Statistical metrics and models give the tools to test theory with data
Statistical methods in ecology and evolution generally fall into two categories: metrics and models. Statistical metrics, such as Pielou’s diversity index, take complex data such as the species composition of ecological communities and summarize them with a single number. This can then be used to compare communities. The strength of this approach is that it boils down complex data to the essential quantity of interest. This strength is also a weakness, however, because it necessarily means that large amounts of information in the data are ignored – any information not captured by a single number. Therefore, results may be less rich than the patterns truly in the data, and maybe worse, ignoring information could result in the wrong conclusions being drawn from a statistical metric.
In contrast to statistical metrics, statistical models attempt to give a more-complete description of data.
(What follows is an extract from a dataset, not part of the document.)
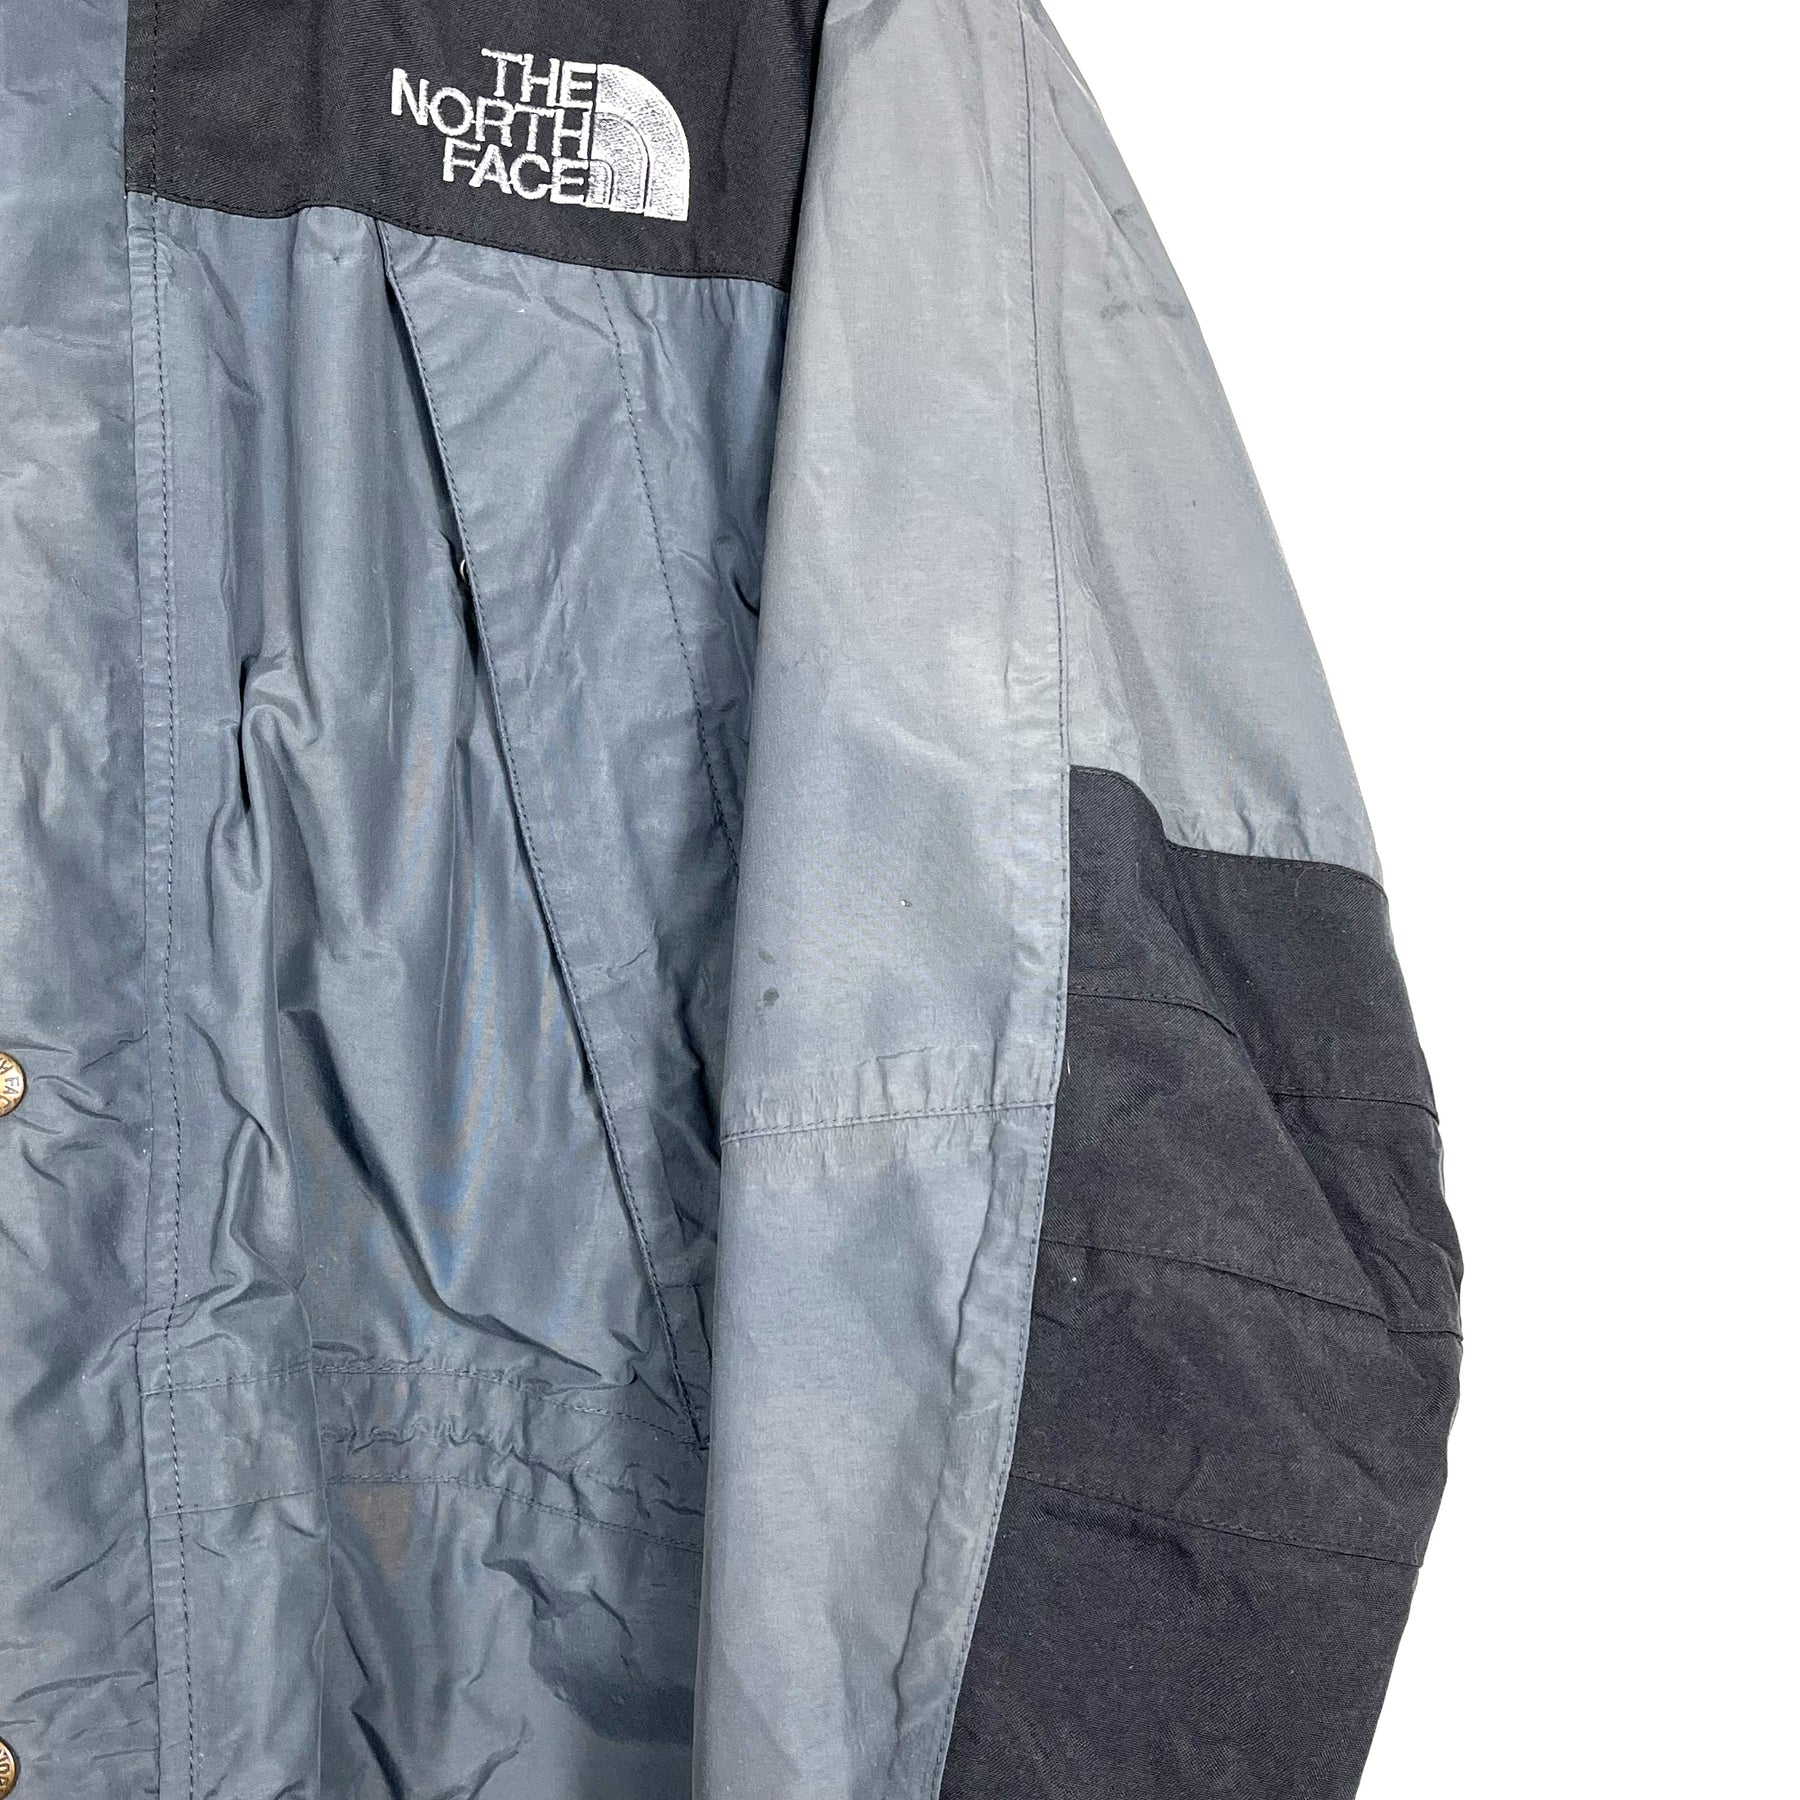 Vintage The North Face Gore Tex Lightweight Jacket - Men's Small

Statistical models describe data in terms of statistical distributions characterized by means, variances, covariances, and higher statistical moments. In ecology and evolution, key advances over the last four decades in statistical modeling involve more-realistic and accurate characterization of random errors.
The unfortunately misnamed “random errors” contain patterns in the data (variances, covariances, etc.) other than those involving means. You are likely familiar with random-effects models that account for non-independence of random errors: random effects generate correlation among random errors. Correlated random errors appear ubiquitously, although they often take different names in different types of models. Random effects, spatial correlation, phylogenetic signal, and temporal autocorrelation are all types of correlated random errors, and although they might appear in very different contexts, they share many of the same statistical challenges and solutions.
Make the most of your data
Although statistical models potentially give more information about data than statistical metrics, often this information is ignored. Huge statistical effort has been made to develop models that can fit complex data with correlated random errors, yet these models are often used in the same way as metrics: only simple values like regression coefficients are retained, and information residing in the random errors is discarded.
If you go through the challenges of fitting a statistical model to data, you owe it to yourself to use the model to the fullest extent possible. The random errors are generally neither random nor errors: the correlations among random errors revealed by statistical models are the products of unmeasured variables. Although unmeasured, some information about these variables can be extracted from the correlations among random errors. This should be routine statistical practice.
My goal in the review is to champion random errors by showing some of the types of information they contain and how to extract them.